Several weeks ago, I came across a post on Daring Fireball about Simplenote, a fairly bare-bones iPhone note-taking app. Like most of you, I’d been using Apple’s Notes app for taking notes on the iPhone. Notes is a nice app… simple, functional, and stylish (yeah, I know, some people HATE the Marker Felt font used in it but I’m fine with it and it works well within the app’s context, IMO).

But the one area that the Notes app has always been lacking is regarding sync. The first version had absolutely no sync at all. At best, you could email yourself particular notes if you needed them on your computer.


When iPhone OS 3.0 came out, Apple finally did add sync to the Notes app. Unfortunately, it was a pretty uninspired attempt, from my point of view. The syncing was done within the Mac Mail app. Yup, your notes ended up in your mail reader. WTF.

Apple’s most bloated app ever

I repeatedly have to second-guess Apple’s decisions to slowly turn their once sleek apps into bloated monstrosities. Remember iTunes circa-2000? You know, the sleek app that you played your MP3s (the de-facto standard back then) with. I do.
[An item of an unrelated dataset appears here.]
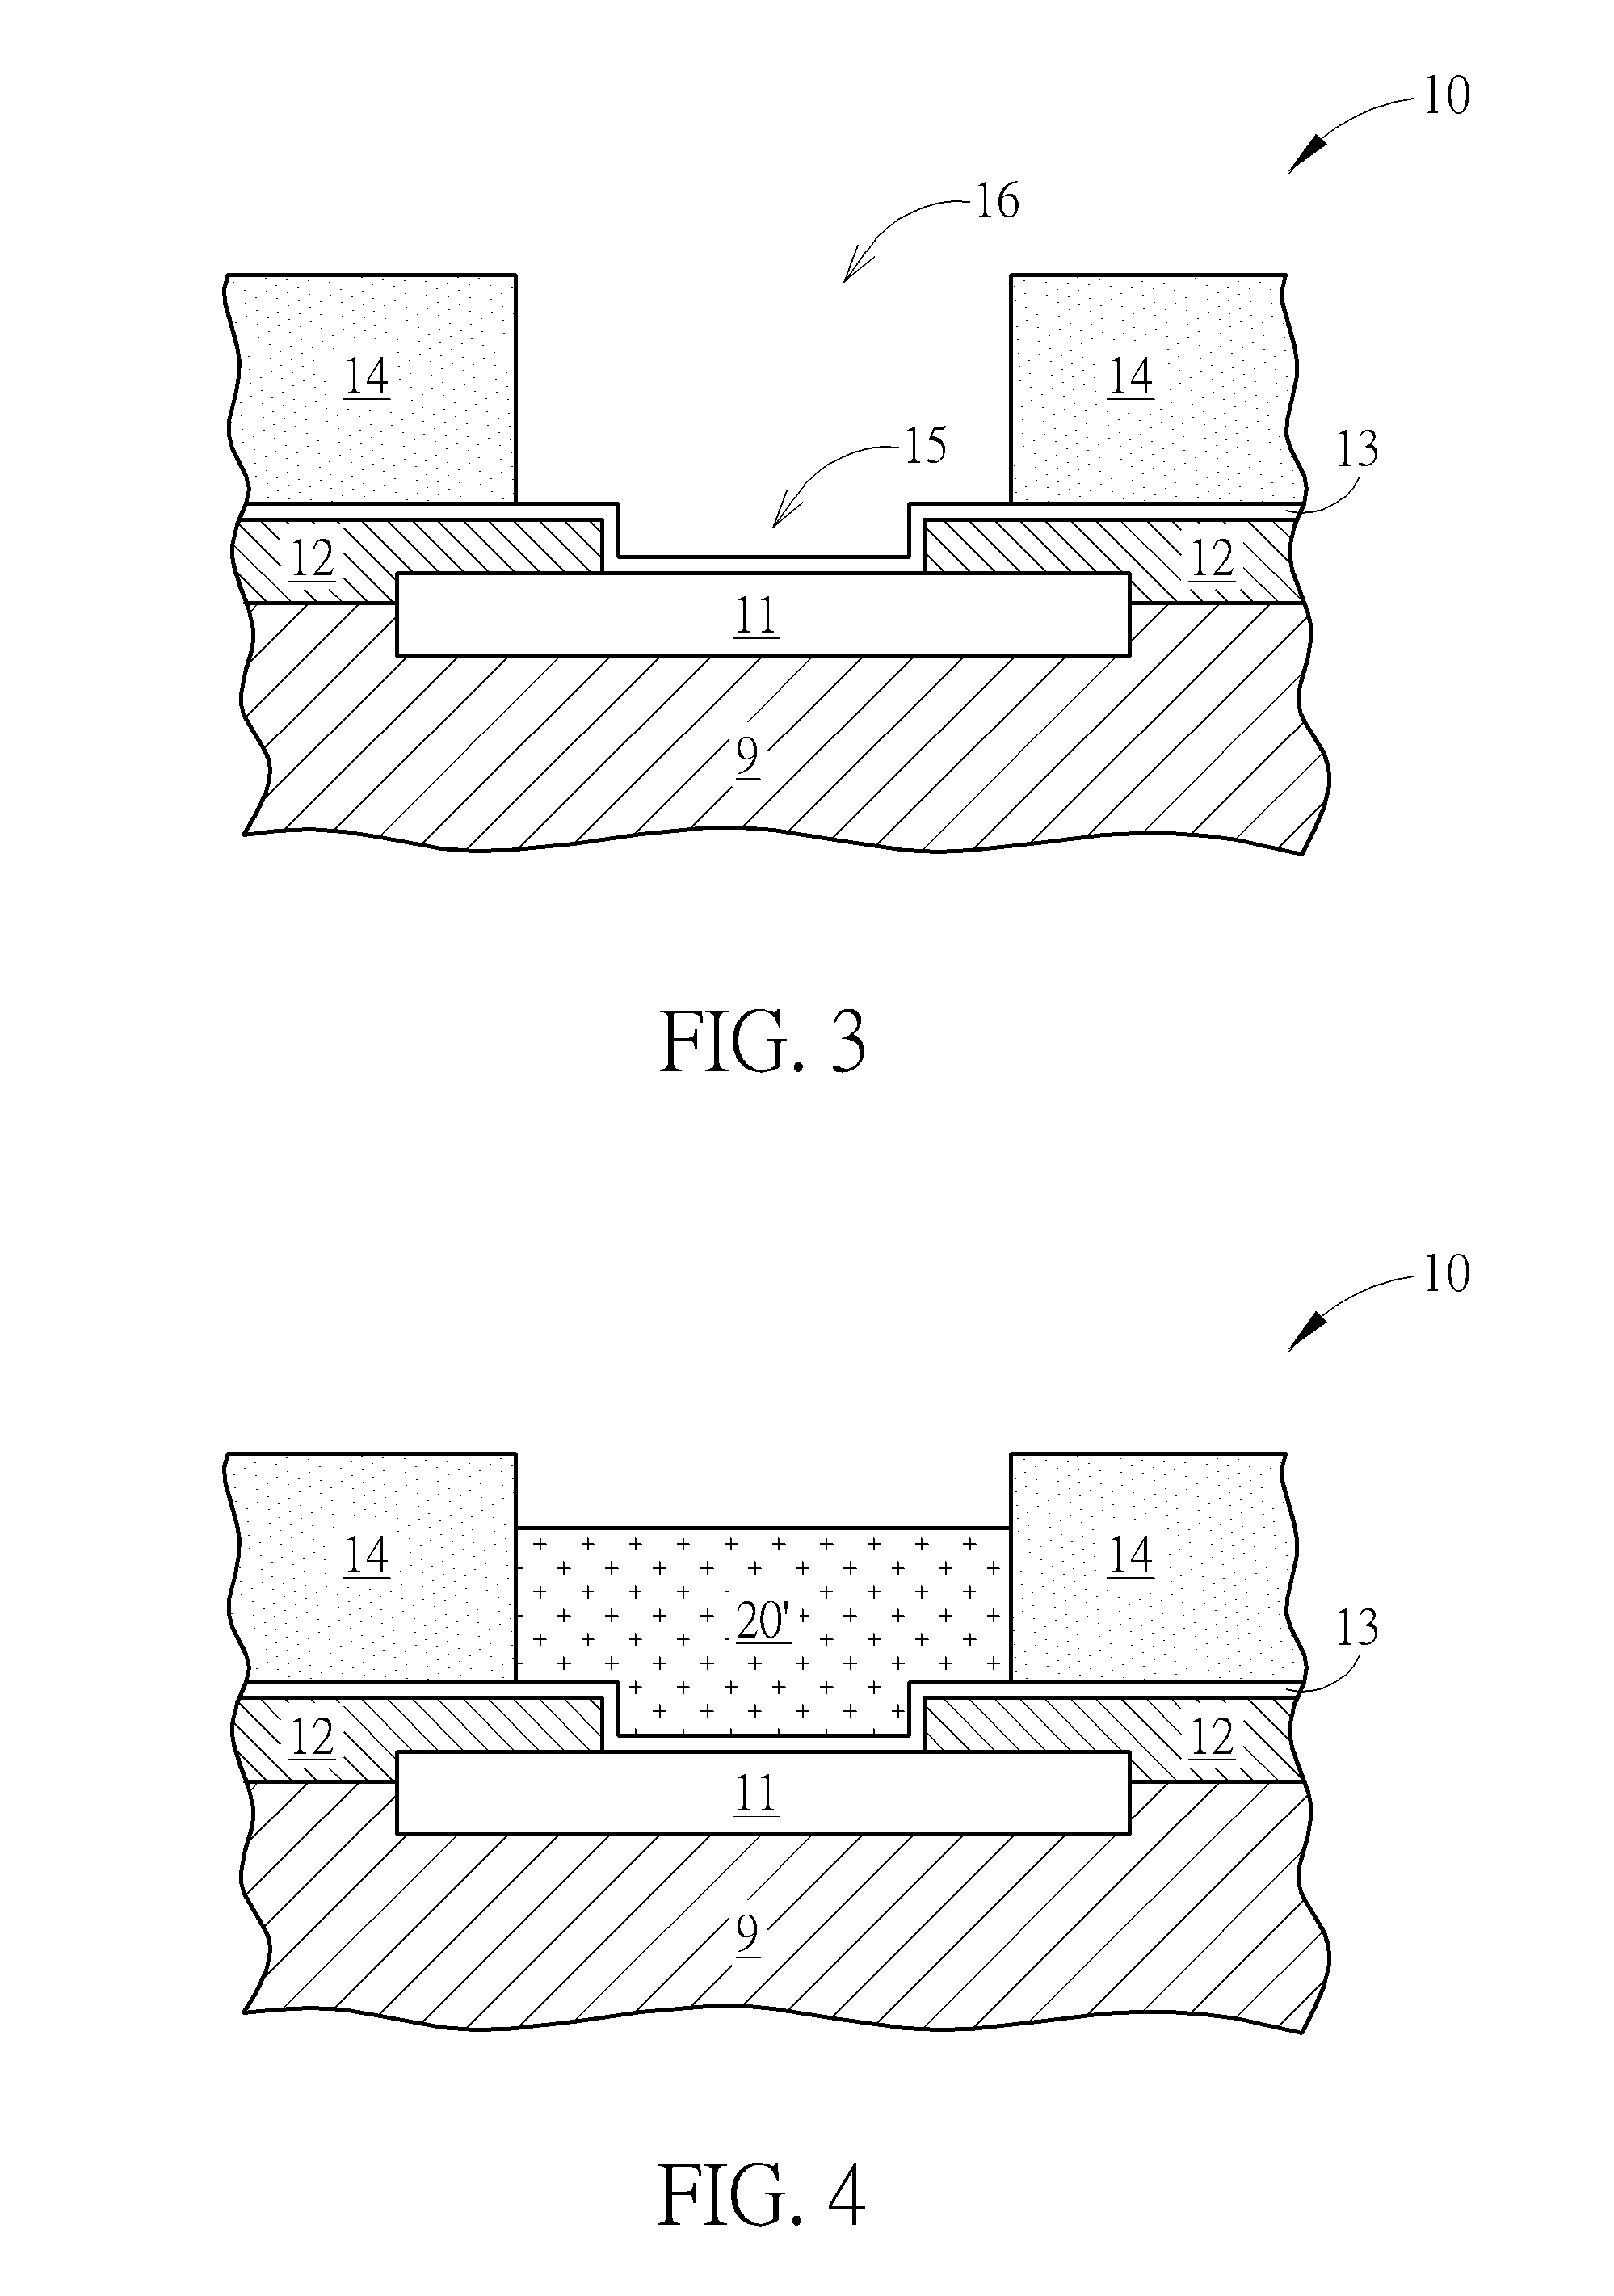 Metal bump structure for use in driver IC and method for forming the same

It was actually called SoundJam MP and published by Cassidy & Green then, who’ve since gone out of business. It was my music player of choice back then mainly because it was extremely simple and just did what you wanted it to do.
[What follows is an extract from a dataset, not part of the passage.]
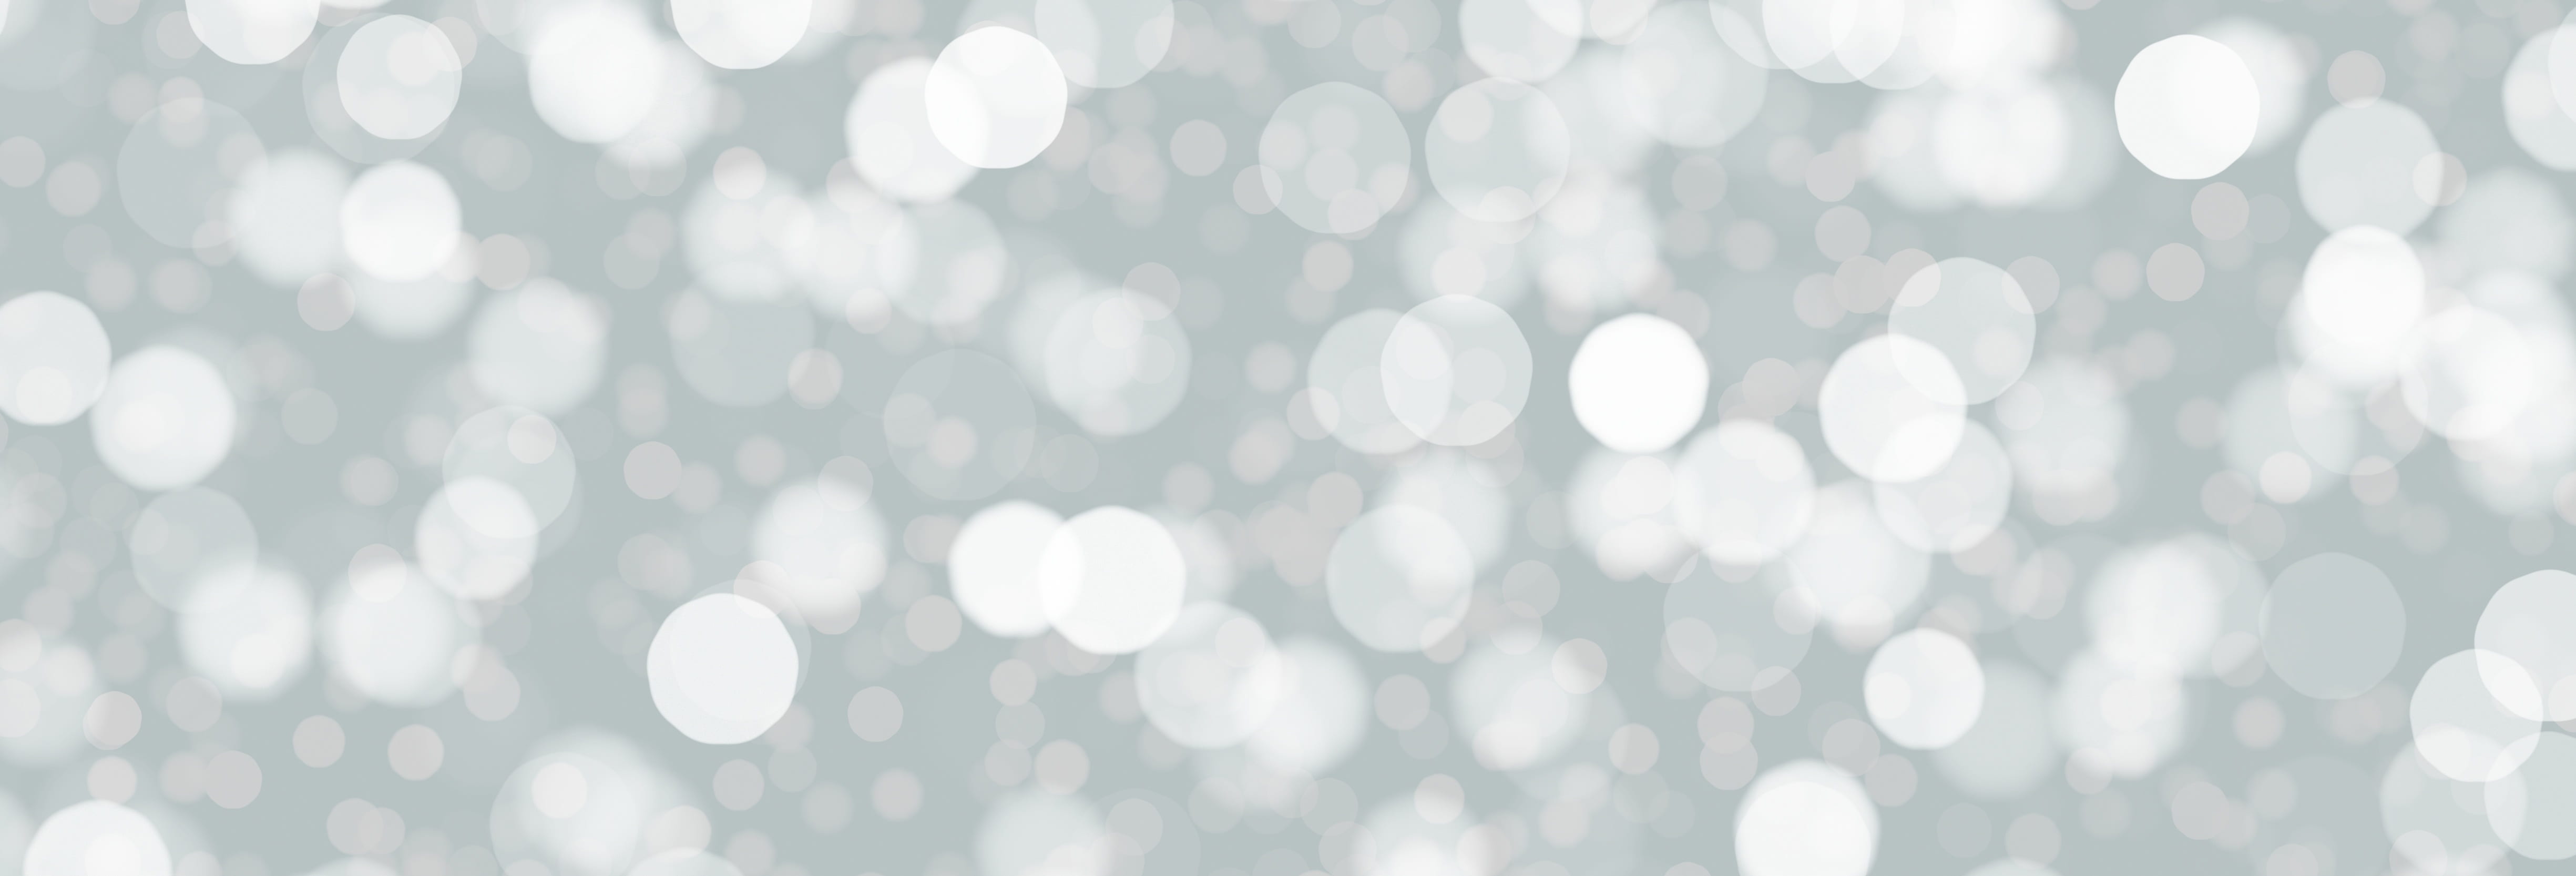 gray and white bokeh photography, light, background, points, circle

Apple acquired the app from them and turned it into iTunes. I wasn’t really into the first version of iTunes… the library metaphor didn’t gel with me for a while so I continued to use SoundJam. But after a while, I finally gave in and made the switch.

FWIW, I’m still not completely sold on the library concept… what I mainly don’t like about it is that almost anything that’s played by iTunes becomes part of the library and this sucks if you’re like me and like to sample a lot of music downloaded from the web.

I had to make QuickTime Player the default app for opening most media types to avoid this headache. But the big downside to this is that you can’t play music through AirTunes with it unless you use some hacky 3rd-party software.

Over time, Apple “refined” iTunes into the app that it is today. Now you can do all this and more with it…

  • listen to Internet radio
  • burn audio CDs
  • subscribe and listen to podcasts
  • manage and sync to your portable music player (aka iPod)
  • purchase music
  • purchase audiobooks
  • catalog your movies and videos
  • rent movies
  • purchase movies
  • manage your cell phone (aka iPhone) ringtones, music, photos, podcasts, video, and apps
  • purchase apps for your smartphone
  • manage and sync to your digital media receiver (aka tv)

playing, buying, and syncing music, movies, podcasts, radio, photos and managing your portable music player, cell phone, and digital media receiver has never been so simple and straightforward!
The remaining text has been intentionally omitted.